→ **Exercise brief**
In the entries that follow, repeat exactly the lines from the one that has "metal patterns templates" through the one that has "Mercedes-Benz A 180", but omit pictures.

→ **Entries shown**
----------------
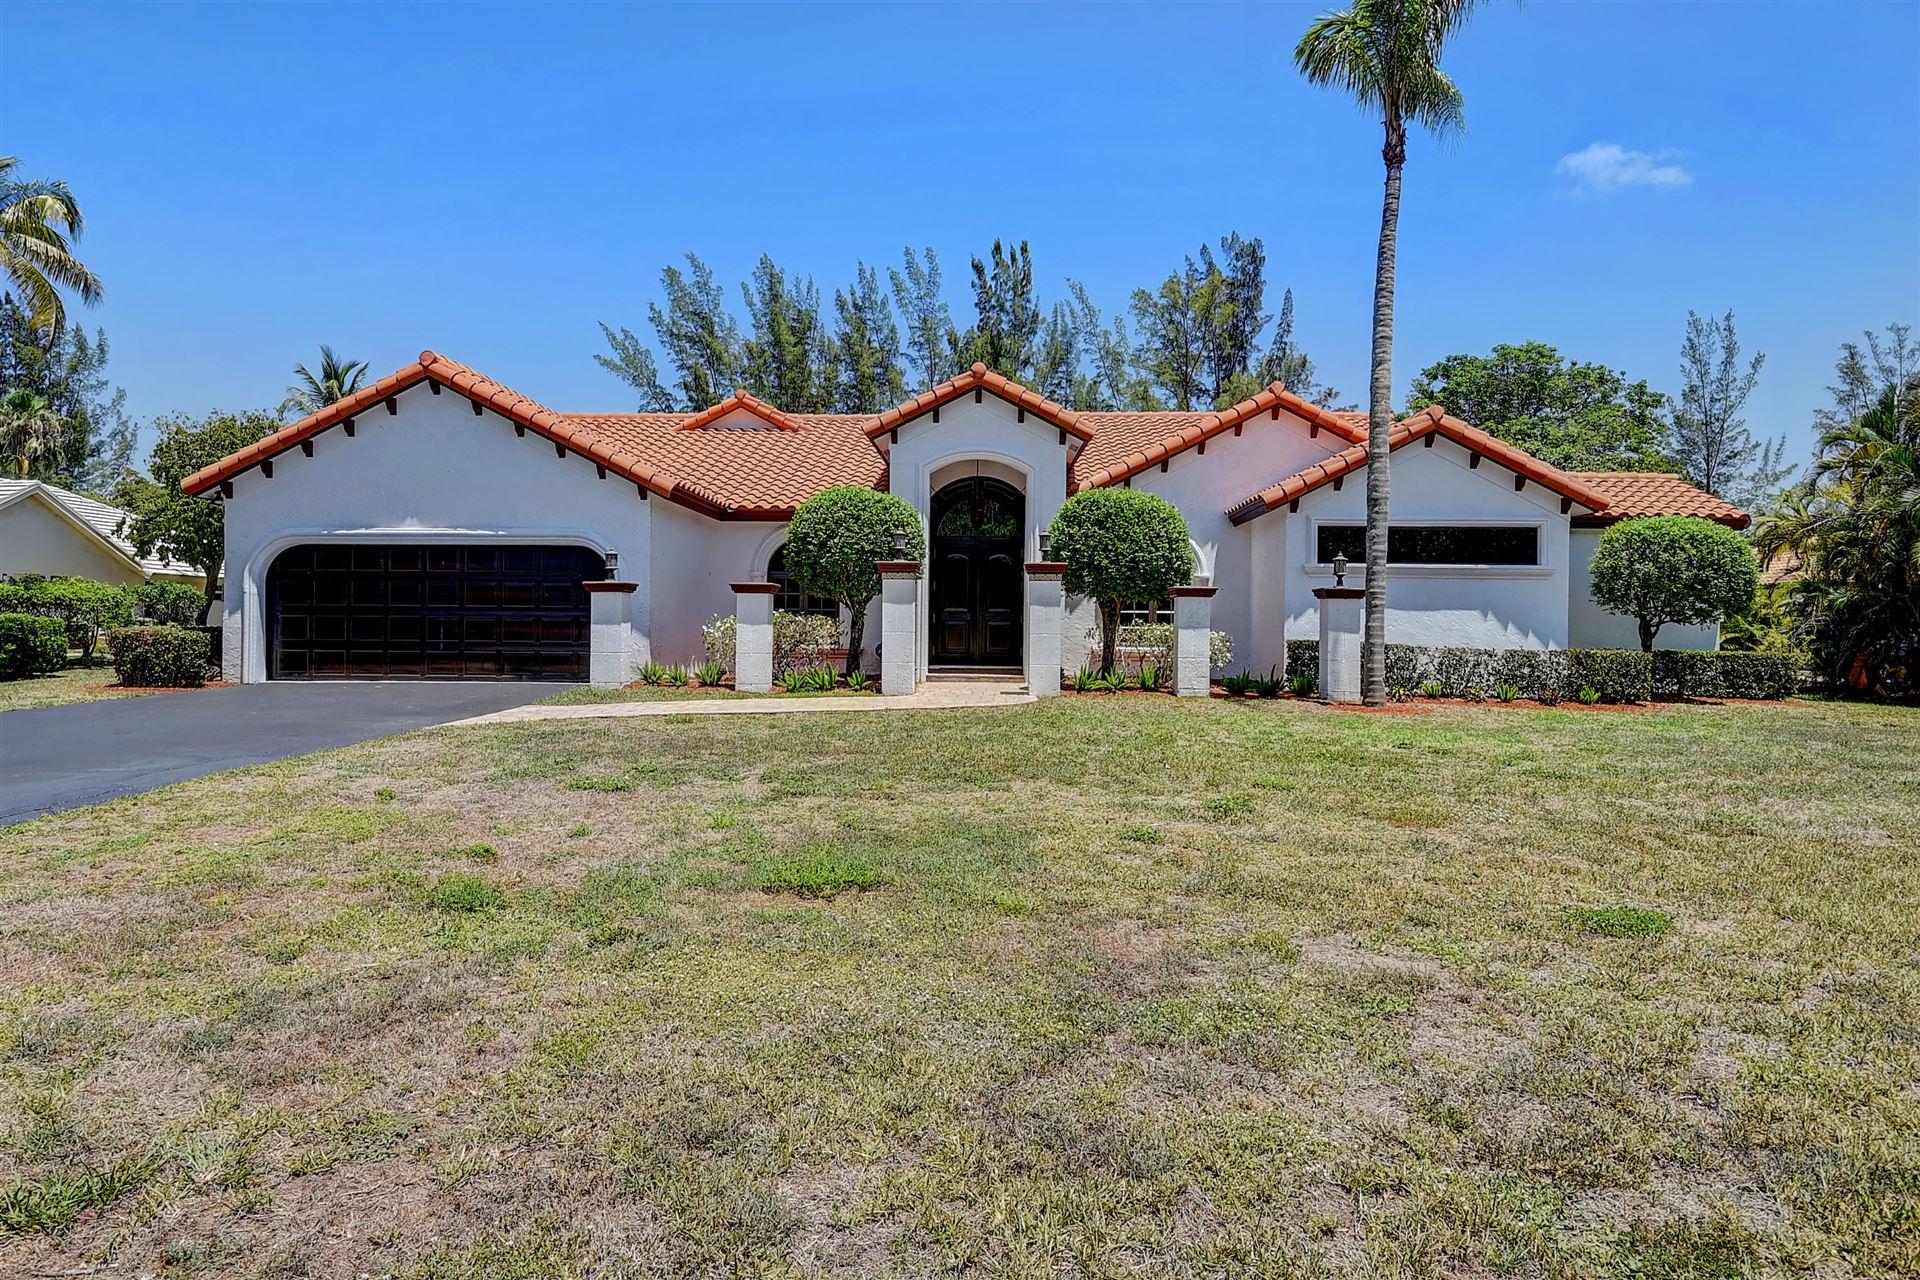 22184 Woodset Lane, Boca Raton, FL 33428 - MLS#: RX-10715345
----------------
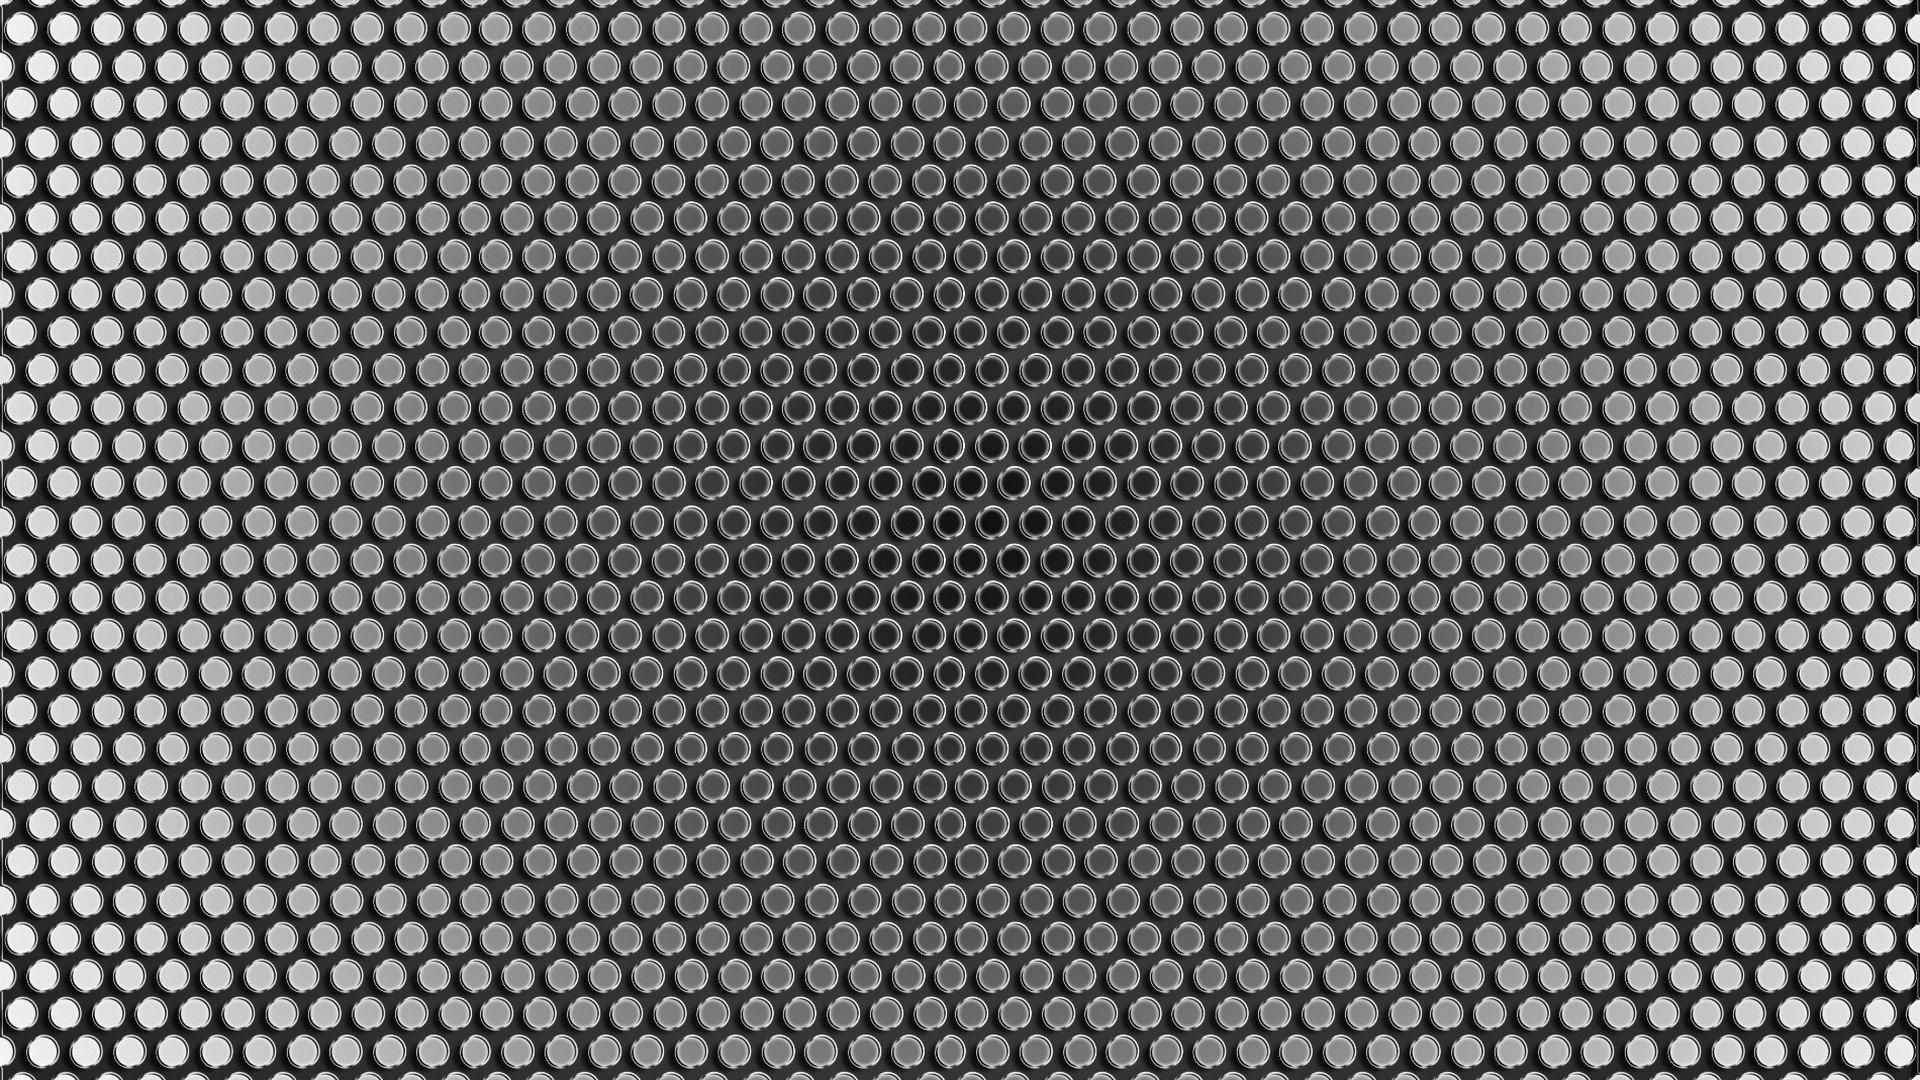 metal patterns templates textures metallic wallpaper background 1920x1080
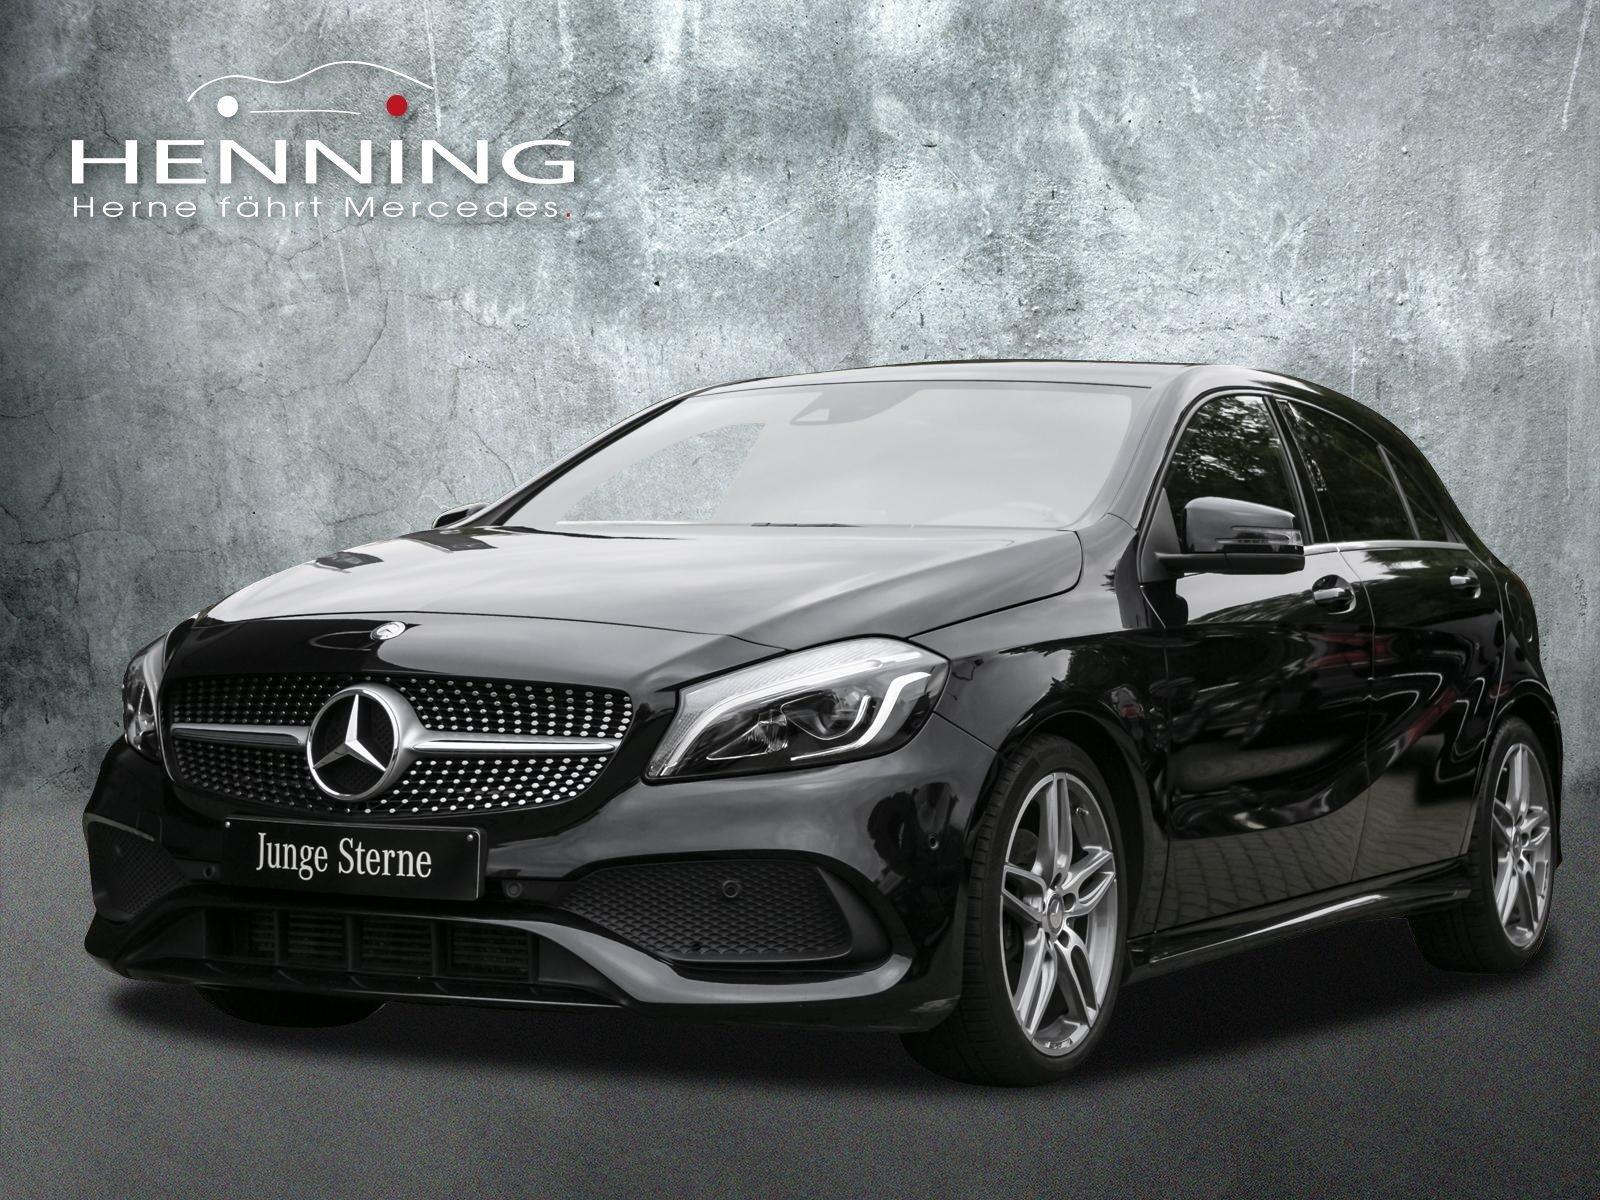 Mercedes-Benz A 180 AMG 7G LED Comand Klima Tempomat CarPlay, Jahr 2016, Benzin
----------------
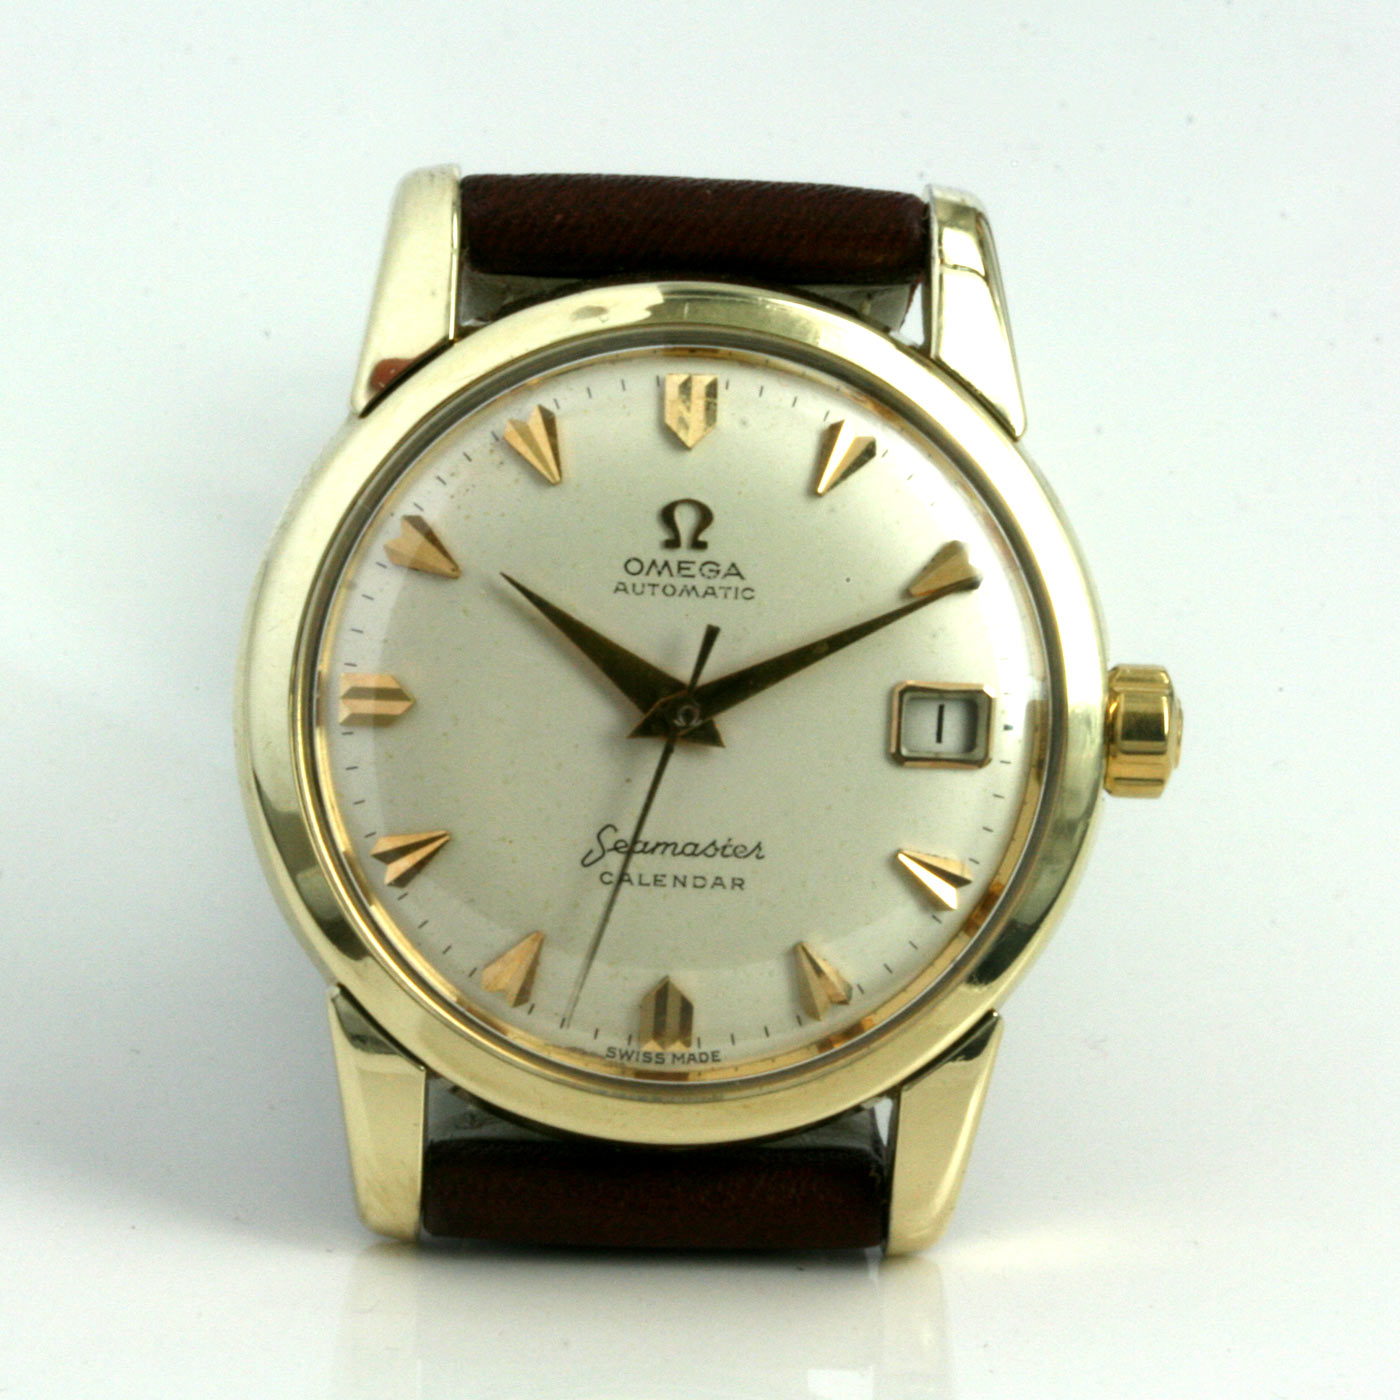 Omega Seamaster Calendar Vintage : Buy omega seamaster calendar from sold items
----------------
→ **The answer**
 metal patterns templates textures metallic wallpaper background 1920x1080
 Mercedes-Benz A 180 AMG 7G LED Comand Klima Tempomat CarPlay, Jahr 2016, Benzin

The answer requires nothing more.